I’m still feeling like this could be solved in a simpler way with just simple data structures and a pub sub mechanism. Now I think of it, we do a similar thing with Redis for one service, and a custom Python server/pipeline in another, but we’ve never felt the need for this sort of thing.
Do you have more details about specific applications/use cases, and why this is better than alternatives?
e.g. making deterministic changes to some data before you've heard back from any sort of central single-source-of-truth.
Difference with CRDT is that the goal is to never actually hear back from a central authority and still have consistency between clients.
Maybe this is a sort of hybrid CRDT/OT.
EvenReduce assumes there are no other systems interacting with the DB state (by using the old state that the current system saw). If there are no other systems, simple batching would work fine.
Specifically, I’m wondering about isolation levels which determine whether uncommitted changes are queryable before commit/rollback.
In addition, it also tracks the history of changes and hence allows the cursor to go back if needed with "resumeToken"
For more information about the difference I recommend the video "Real-Time Databases Explained: Why Meteor, RethinkDB, Parse & Firebase Don't Scale" https://www.youtube.com/watch?v=HiQgQ88AdYo&t=1703s
Have you actually tried it from mongo shell or any mongodb client driver ?
In the official document link which i shared it is clearly mentioned it supports aggregation pipeline. Any operator which is compatible with aggregation pipeline framework including "$sort" and "$skip" can be used. You can also use JOIN like operator "$lookup" or "$graphLookup".
See this link for info
Can you share the link for the code and data in Database against which you are querying to prove your claim ?
However, your query won't return the query results.
And regular PostgreSQL queries don't let you return the query plan they used on top the query results.
Also see the limitations of EventReduce in the readme.
However, you can't ask ask PostgreSQL to run a query and also return the query plan used for said query.
Explain will calculate the query plan for a query.
Explain analyze will calculate the query plan, run the query and compare the query plan expectations to reality.

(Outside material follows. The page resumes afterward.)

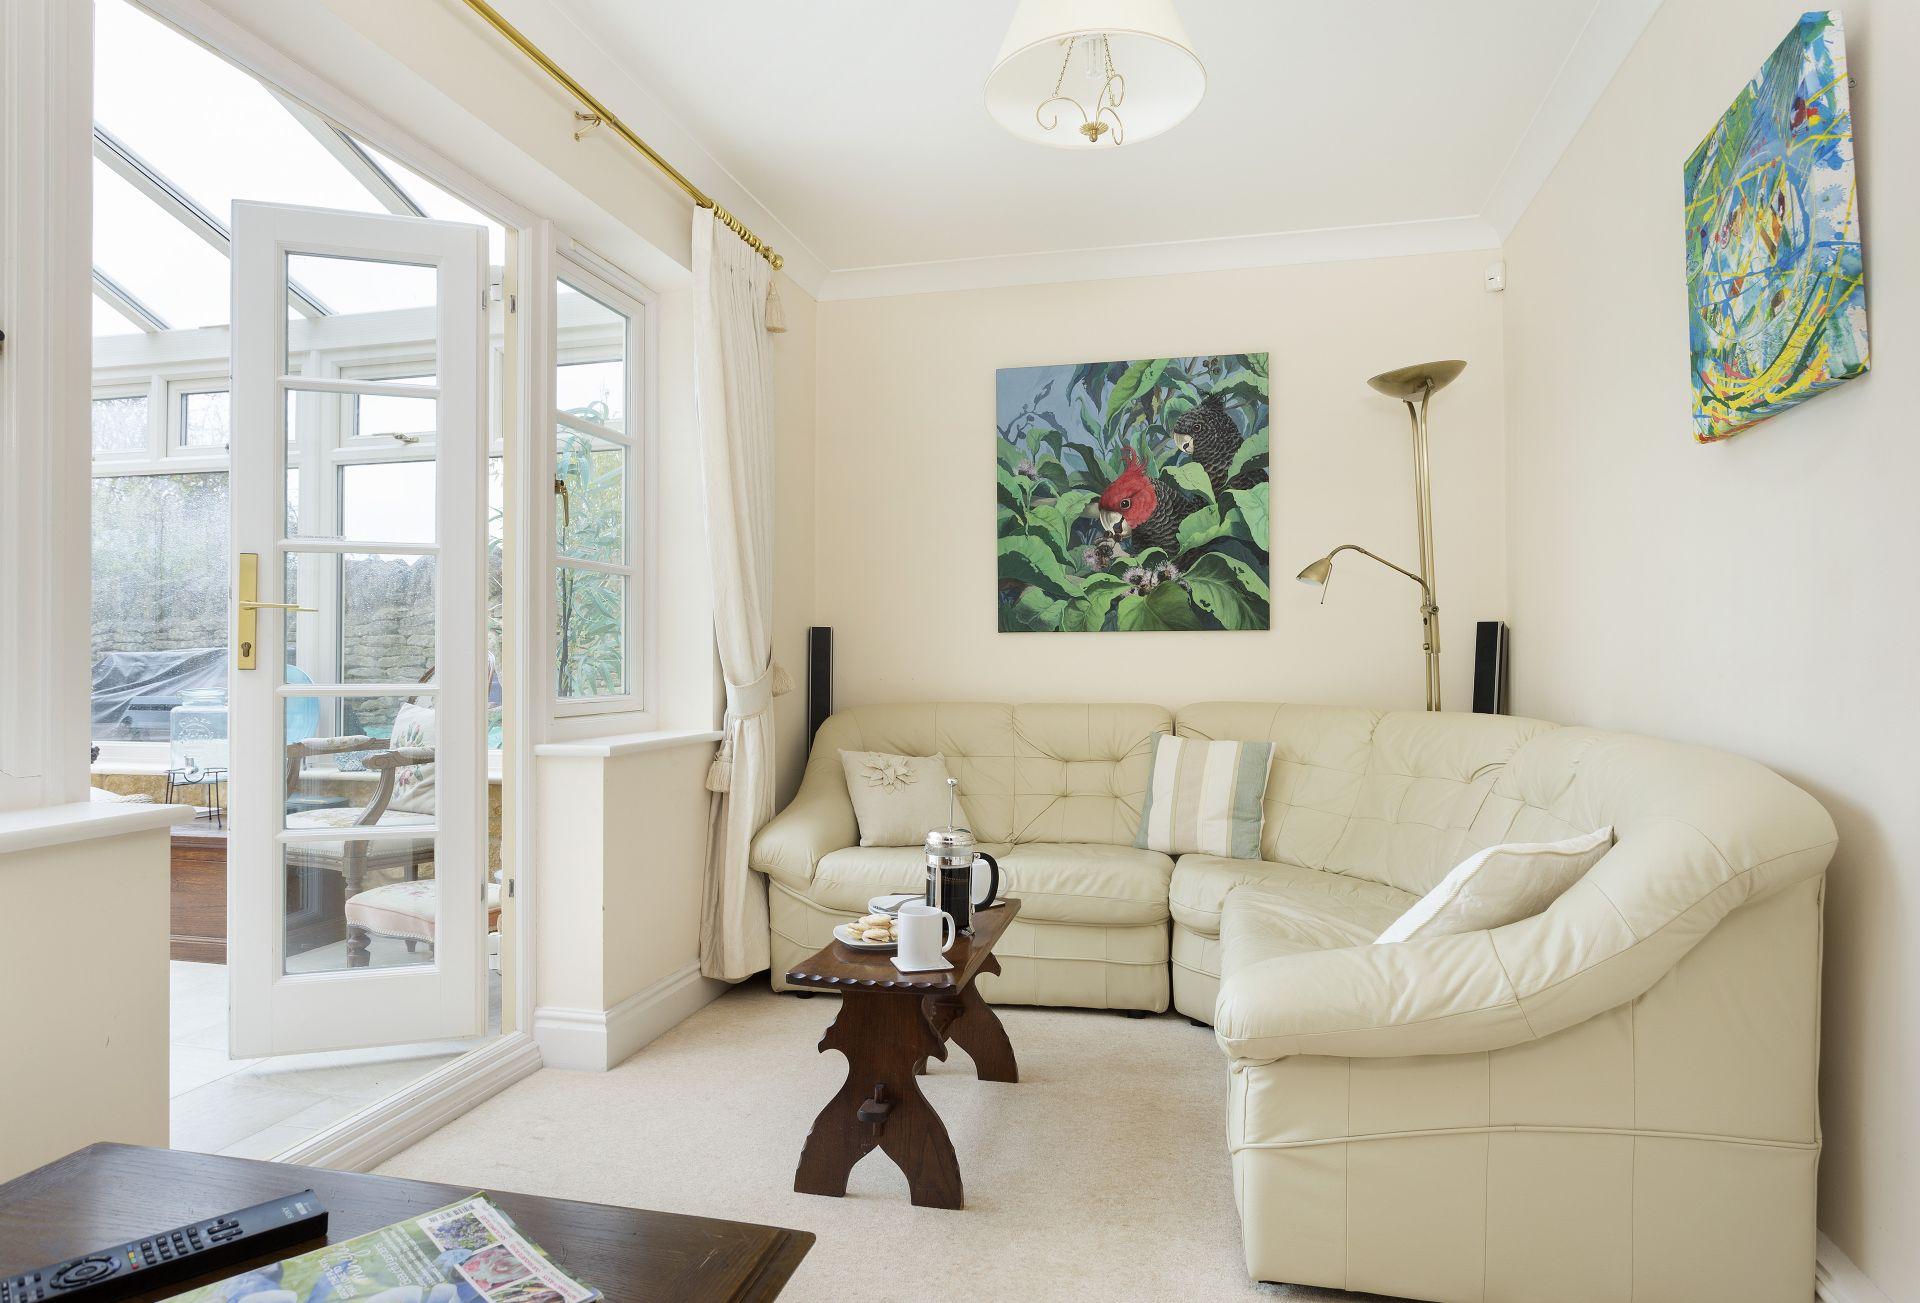 Ground floor: Comfortable seating area in the garden room

However, if statistics change, so does the query plan.
So if you run a query then run the same query again with explain analyze, you don't have a guarantee of getting the same information back.
And since explain analyze doesn't return the query results you are obligated to run two separated queries.
If that's a problem you can use auto_explain.
Materialized views solve a similar problem but in a different way with different trade-offs. When you have many users, all subscribing to different queries, you cannot create that many views because they are all recalculated on each write access to the database. EventReduce however has a better scalability because I does not affect write performance and the calculation is done when the fresh query results are requested not beforehand.